▶ **What you are asked to do**: Although the records contain pictures, only their text should be repeated, exactly as it stands.

▶ **Data listing**:
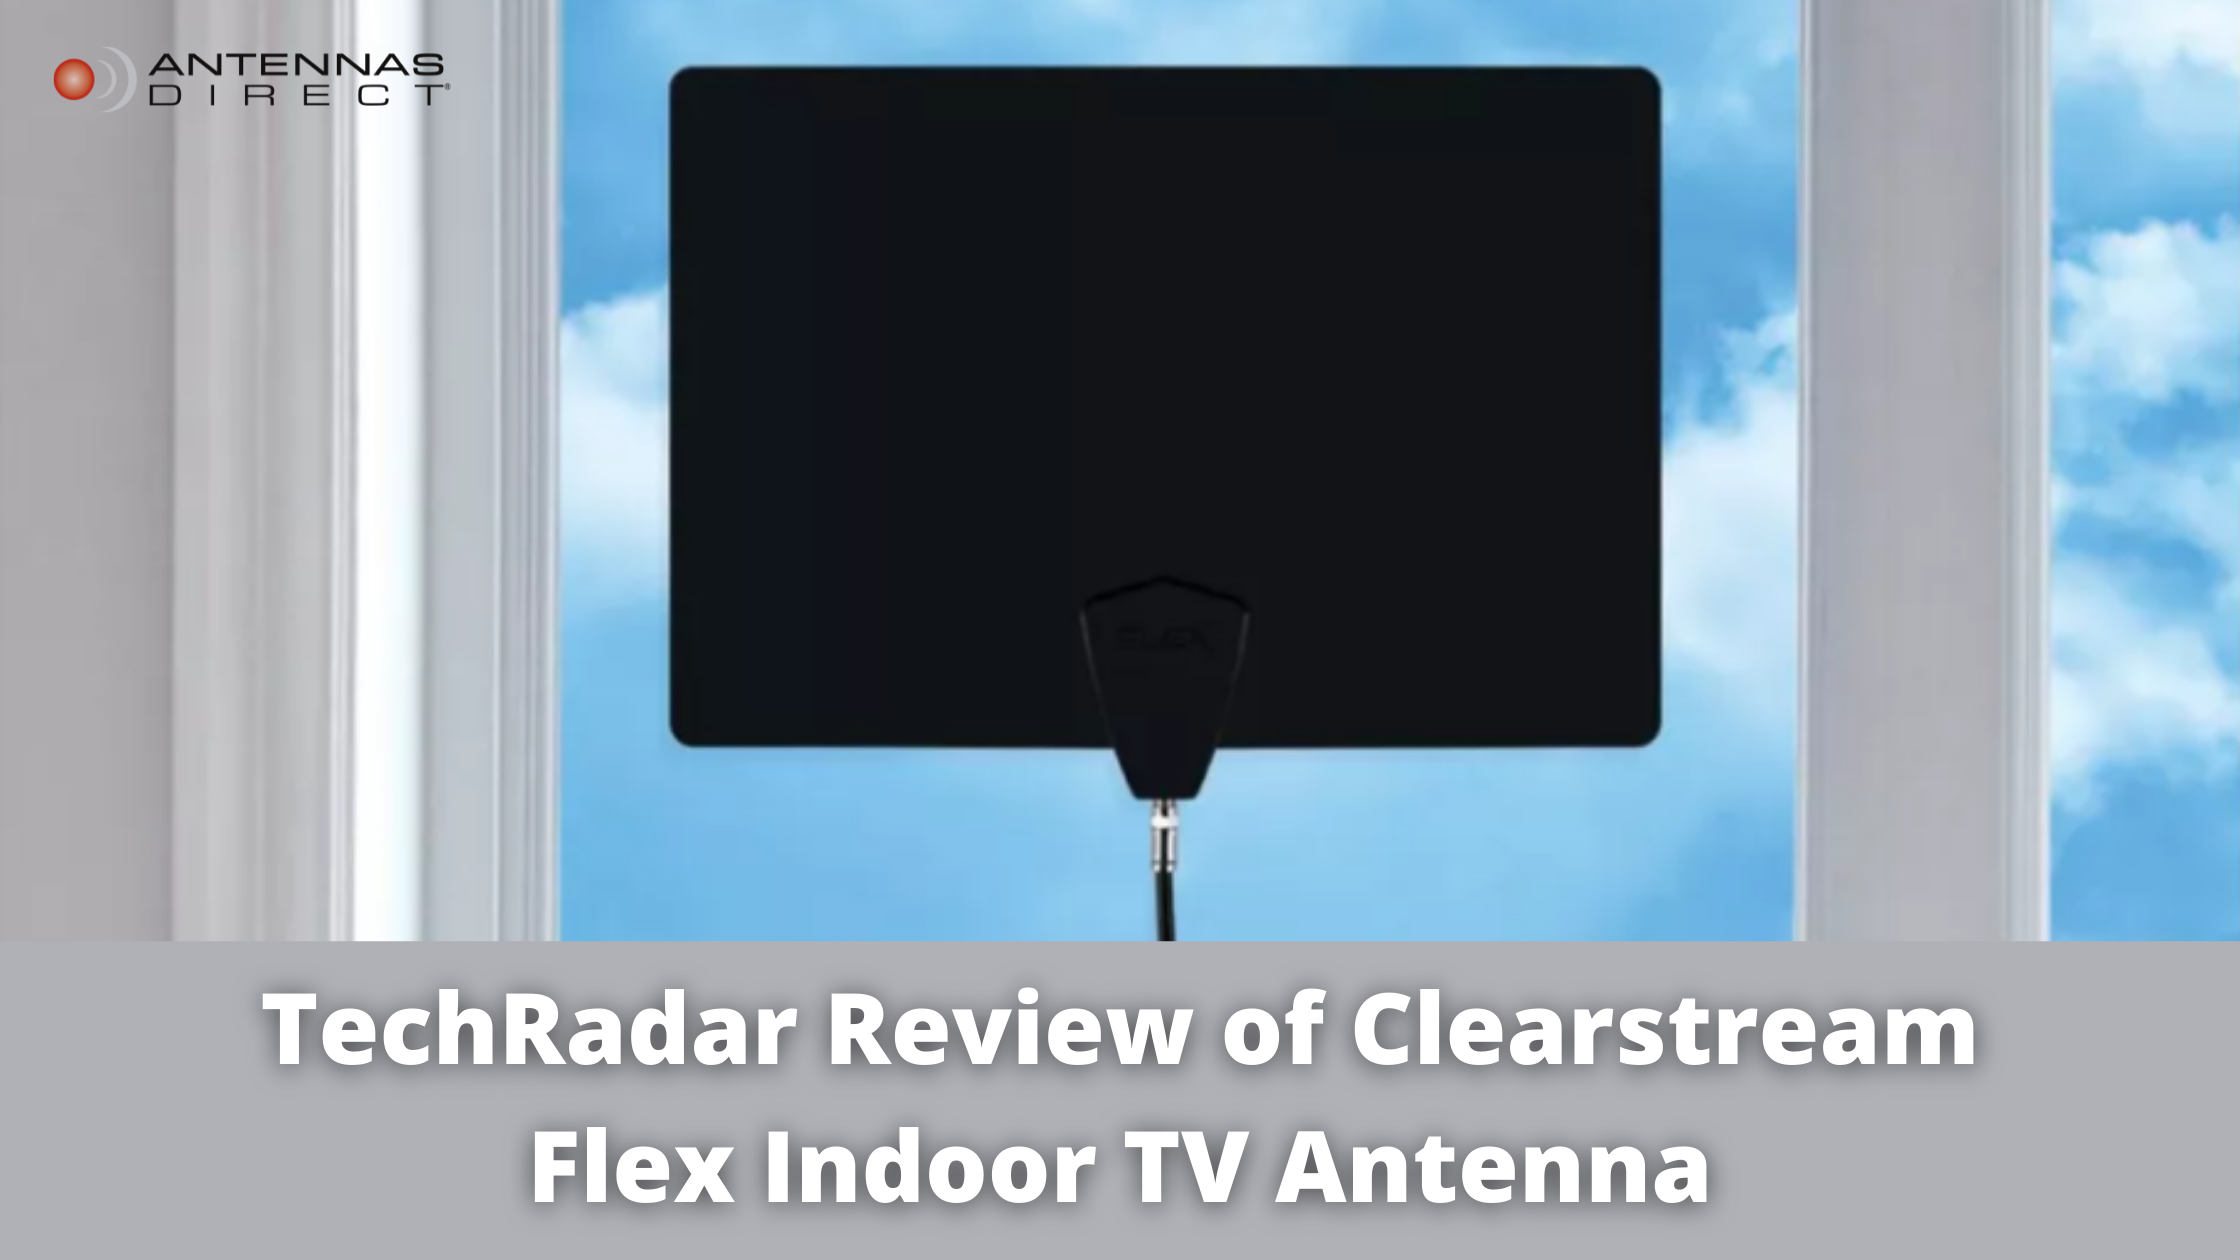 TechRadar Review of the Clearstream Flex Indoor TV Antenna
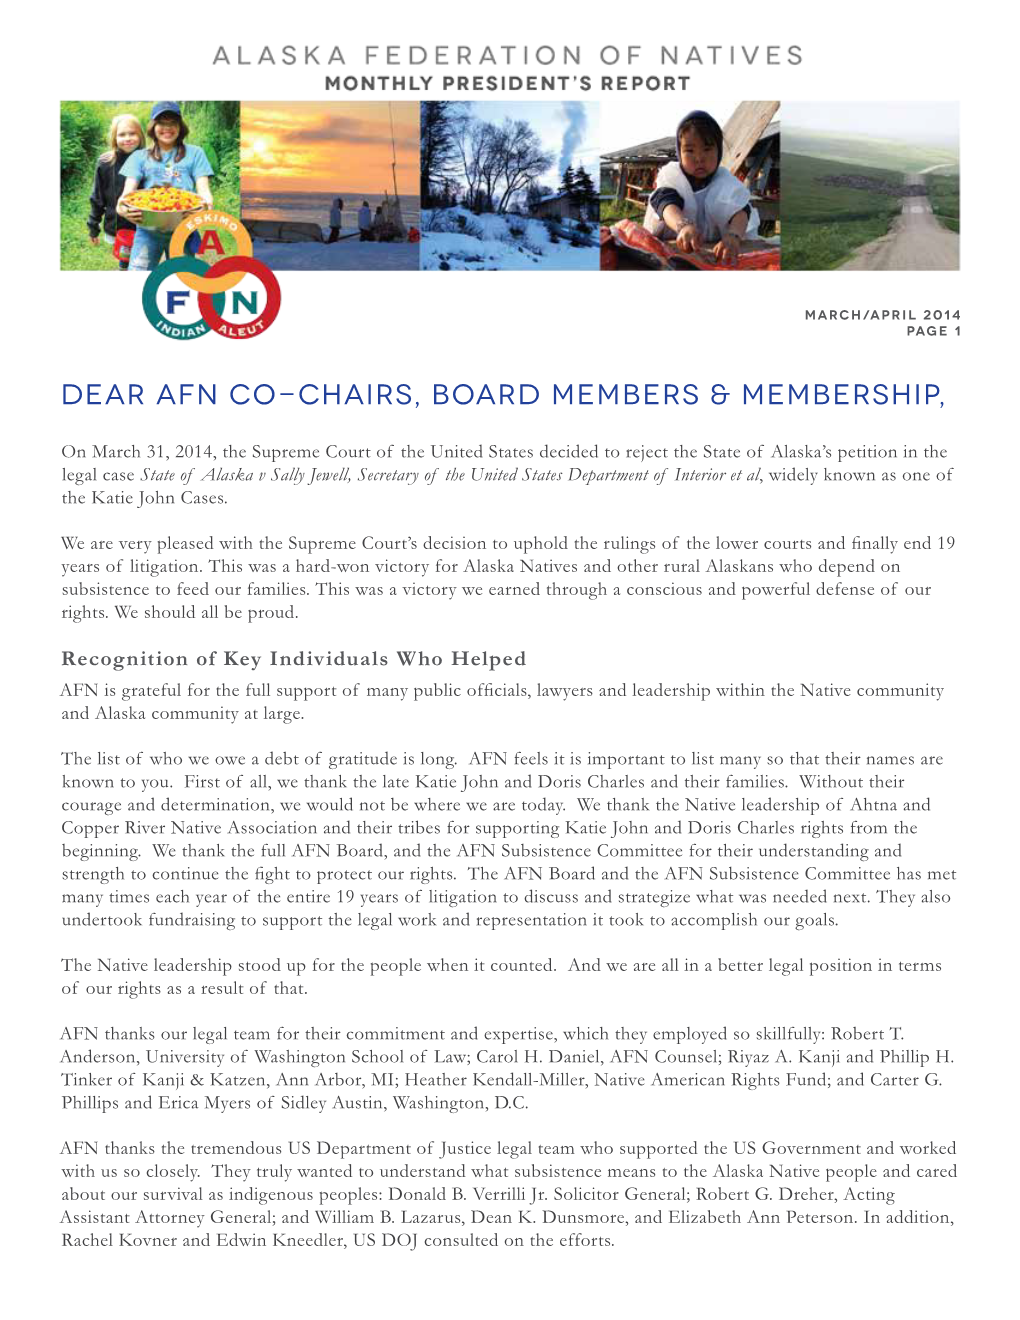 Dear AFN Co-Chairs, Board Members & Membership
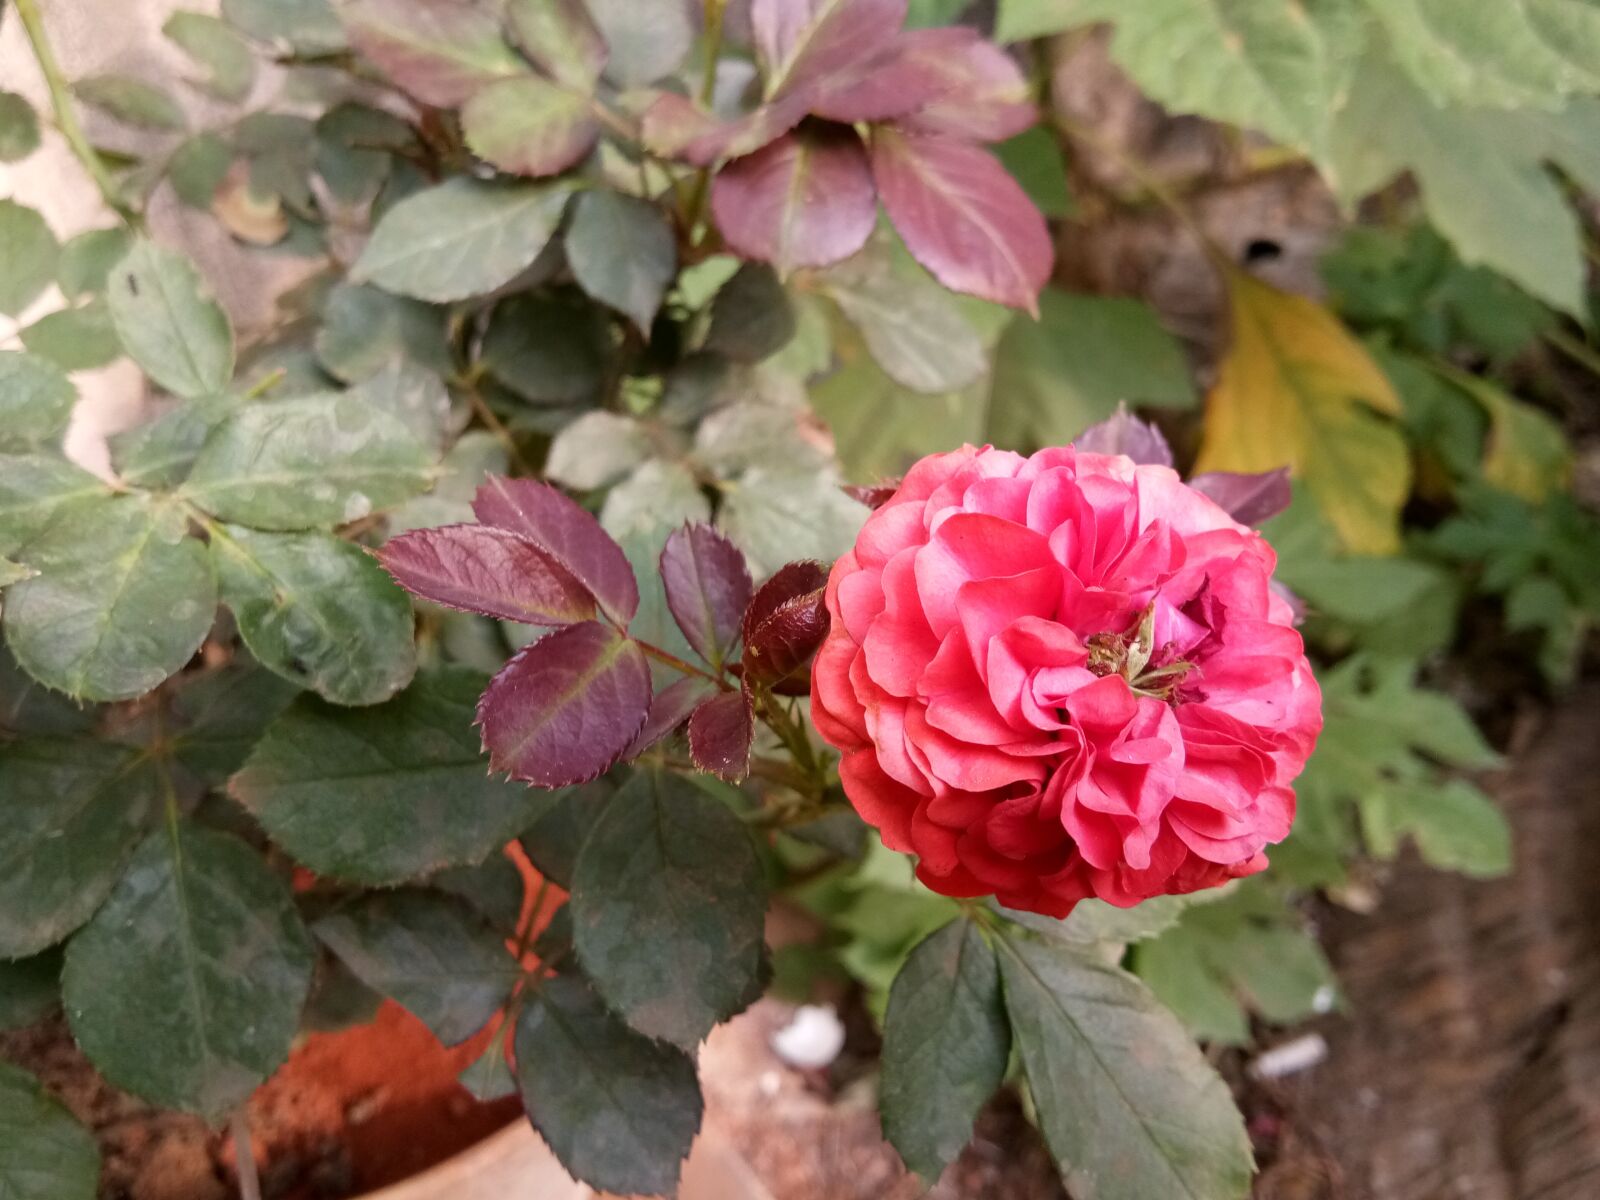 vivo 1601 sample photo. Rose, red rose, garden photography
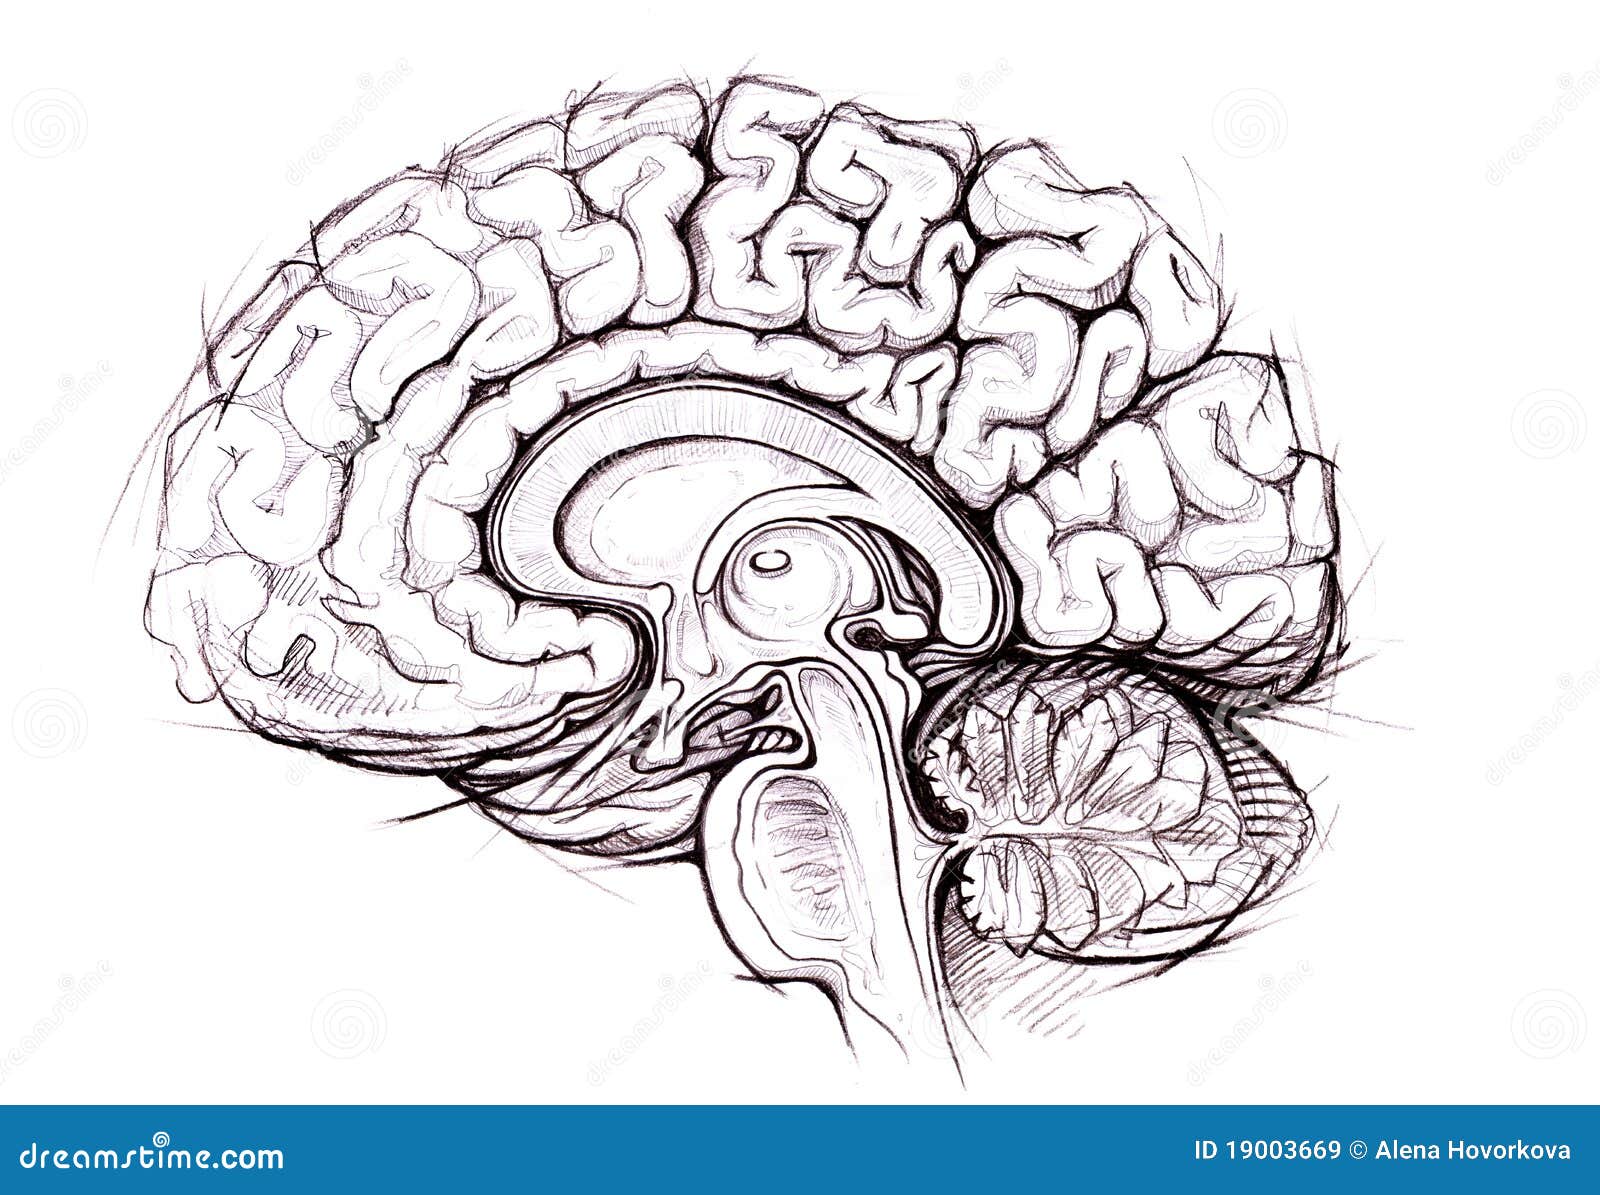 Pencil Skethy Study Of Human Brain Stock Illustration ...
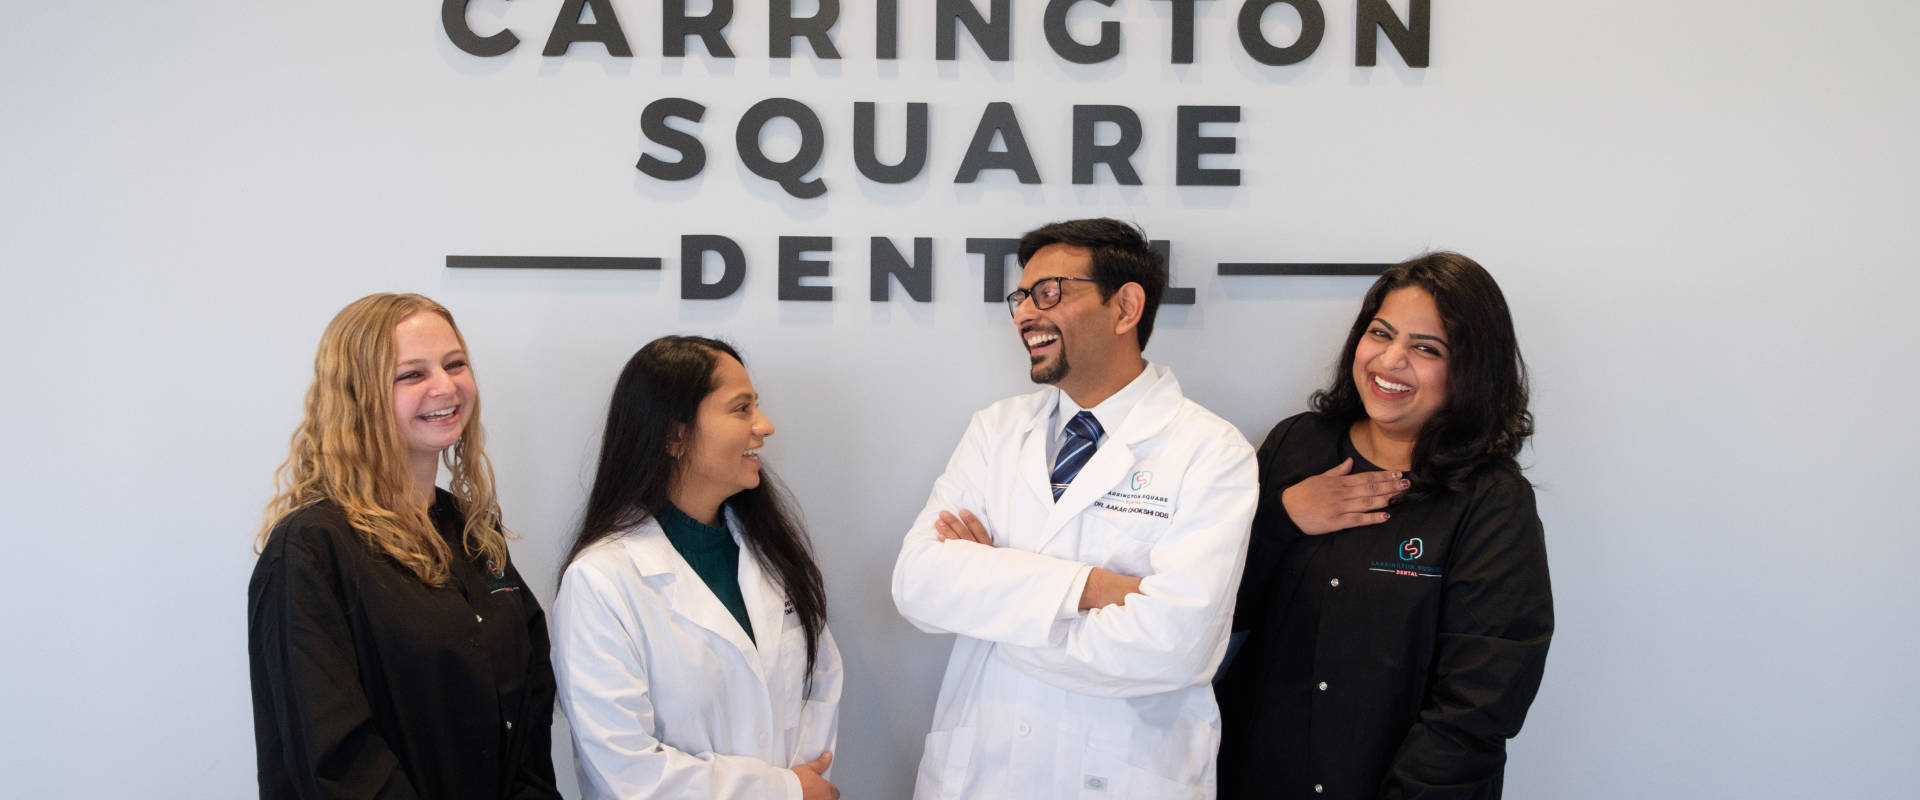 Carrington Square Dental team.

▶ **Solved problem**:
 TechRadar Review of the Clearstream Flex Indoor TV Antenna
 Dear AFN Co-Chairs, Board Members & Membership
 vivo 1601 sample photo. Rose, red rose, garden photography
 Pencil Skethy Study Of Human Brain Stock Illustration ...
 Carrington Square Dental team.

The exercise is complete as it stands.